For a project I am required to use a sensor to generate a continuous signal varying between 0 - 3.3V, and it has to drop to at least 0.1V and raise to 3.2V.

I'm using an Ultrasonic Rangefinder and have managed to get a steady dc level from the output that ranges between 0.3V - 2.3V. Using a non-inverting amp would get me 3.3V but I'm struggling to get the voltage below 0.3V.

I've looked at differential amps but I haven't managed to get one working. So far I don't have anything apart from failed attempts so any help pointing me in the right direction would be great!

I have access to pos/neg rails but in the project I would have to a 7660 to generate the negative rail as we're only allowed to use a positive 5V supply.

I've trawled most of the google hits already and not found much to help me, but I may have been looking at the wrong things. Any links and/or explanations would be great! Thanks

 

You need to use an opamp which is advertised as being (at least) rail-to-rail output.

Download the data sheet for the opamp you are actually using, and read about its range of output voltage relative to what voltages its supply pins are tied to...

post your schematic.

 

You need to use an opamp which is advertised as being (at least) rail-to-rail output.

Download the data sheet for the opamp you are actually using, and read about its range of output voltage relative to what voltages its supply pins are tied to...

post your schematic.

I am not sure that will work. Remember, his sensor outputting minimum of 0.3 volts. He needs minimum of 0.1 volts.

OP, I am thinking you need a different sensor. Or you need to setup several circuits. Each circuit for specific range of sensor output.

Ah! Run the sensor output though voltage divider. This way you will produce the 0.1 volts output. So your 0.3 volts will be reduced to 0.1 volts, and your 2.3 volts will be reduced to about 0.7 volts.

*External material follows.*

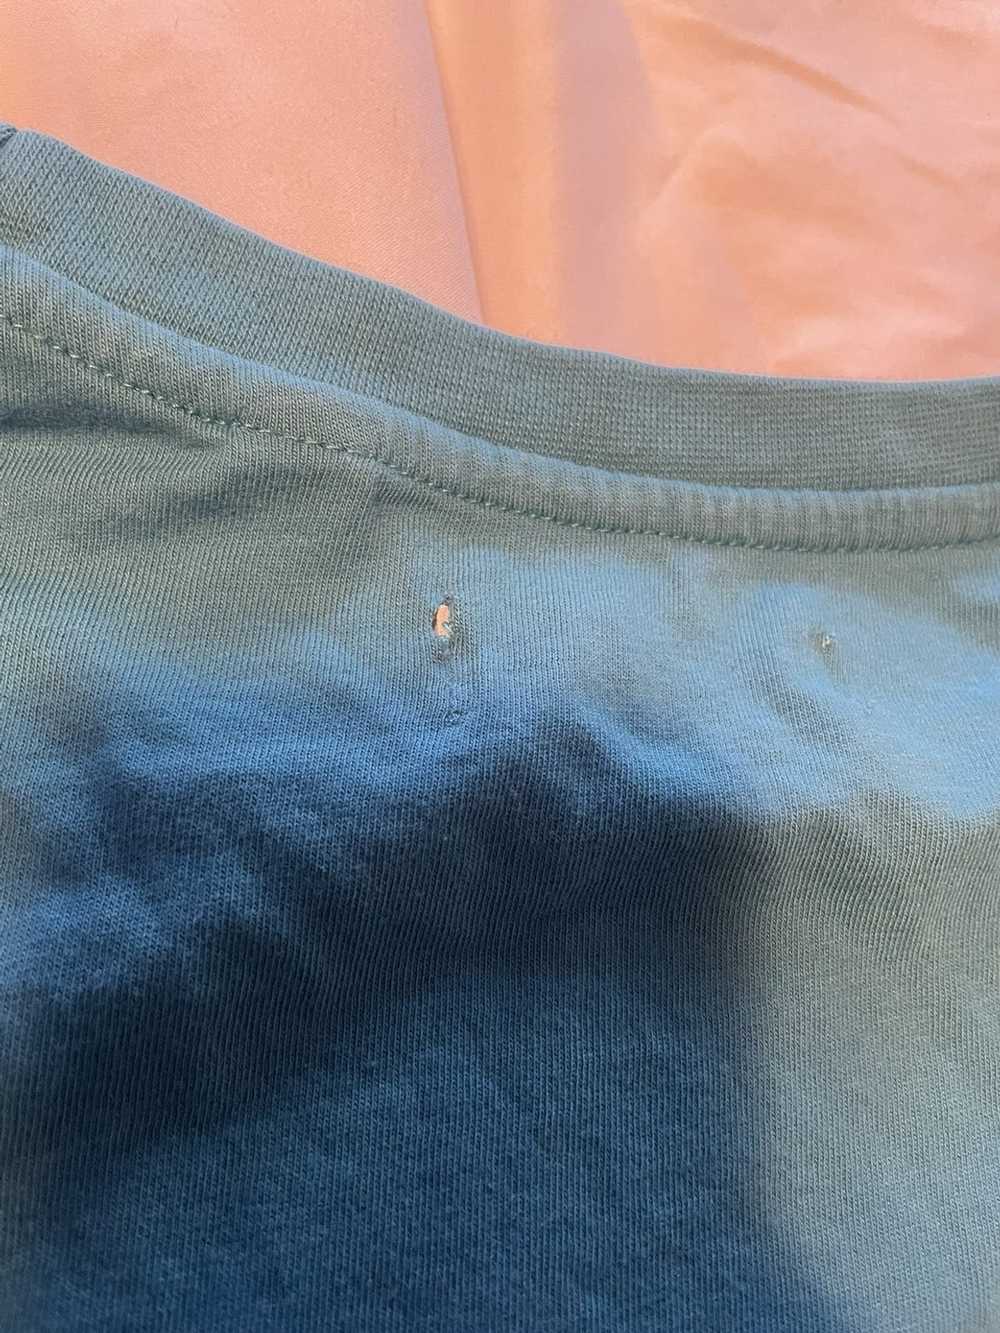 Pacsun Long Sleeve Rocky Mountain T-Shirt - image 4

What do you need the output of the amplifier to be?

 

I just finished building this circuit http://electronics.stackexchange.co...-10-5v-to-15v-into-0-3-3v-range-for-adc-input
http://electronics.stackexchange.co...-10-5v-to-15v-into-0-3-3v-range-for-adc-input

and then read your comment to use a divider. So simple haha! I'll use a non-inv amp to boost it up to 3.3V after.
I'm gonna use a LM358 which gets pretty close to ground on a single supply. I'll post after I've made it

 

I made it but its basically dividing it and then multiplying it straight after. The circuit above uses an offset and I think that might work better. I'm gonna try that one out a little more. The biggest problem is that it inverts the output into the 0 - -3.3V range. Can that circuit be done non-inverting?

 

I made it but its basically dividing it and then multiplying it straight after. The circuit above uses an offset and I think that might work better. I'm gonna try that one out a little more. The biggest problem is that it inverts the output into the 0 - -3.3V range. Can that circuit be done non-inverting?

It is very easy to build a single opamp circuit that has this transfer function:

Vout = 1.65*Vin - 0.495 (Gain and offset)

Note that for Vin=0.3, Vout = 0
and Vin= 2.3, Vout = 3.3

Since this is home work, I am going to let you try without just showing you the circuit. Hint: it uses one opamp in the non-inverting configuration, two resistors, and an offset voltage.

 

Maybe this article from Bob Pease will help.

 

Mike ML,
Thanks to your hint I managed to get this circuit which works perfectly, so thank you!
The only problem is that I used your vout = 1.65*Vin - 0.495 to get me started and to calculate the values.

How did you derive those values?

I've had to change the sensor position which has changed the min/max readings.


Thanks for all the help so far!

 

Straight line equation

Av = Vout/Vin = (3.3 V - 0V)/(2.3V - 0.3V) = 1.65V/V ( the slope)

And
0 = 1.65 * 0.3 + x

1.65*0.3 = x

x = -0.495

So we and up with Vout = 1.65*Vin +(- 0.495) = 1.65*Vin - 0.495

http://www.ti.com/lit/an/sloa030a/sloa030a.pdf

 

How to using op amp to get a low voltage.
+V → R1 → VR1 → VR2 → R2 → -V
The pin 2 of VR1 connecting to op amp, and the op amp wiring as a voltage follower.
VR2 is a small trim pot 100Ω or 200Ω, adjust VR2 to make output to zero or close to zero, it depends on what you want, using VR2 to control the voltage range you want.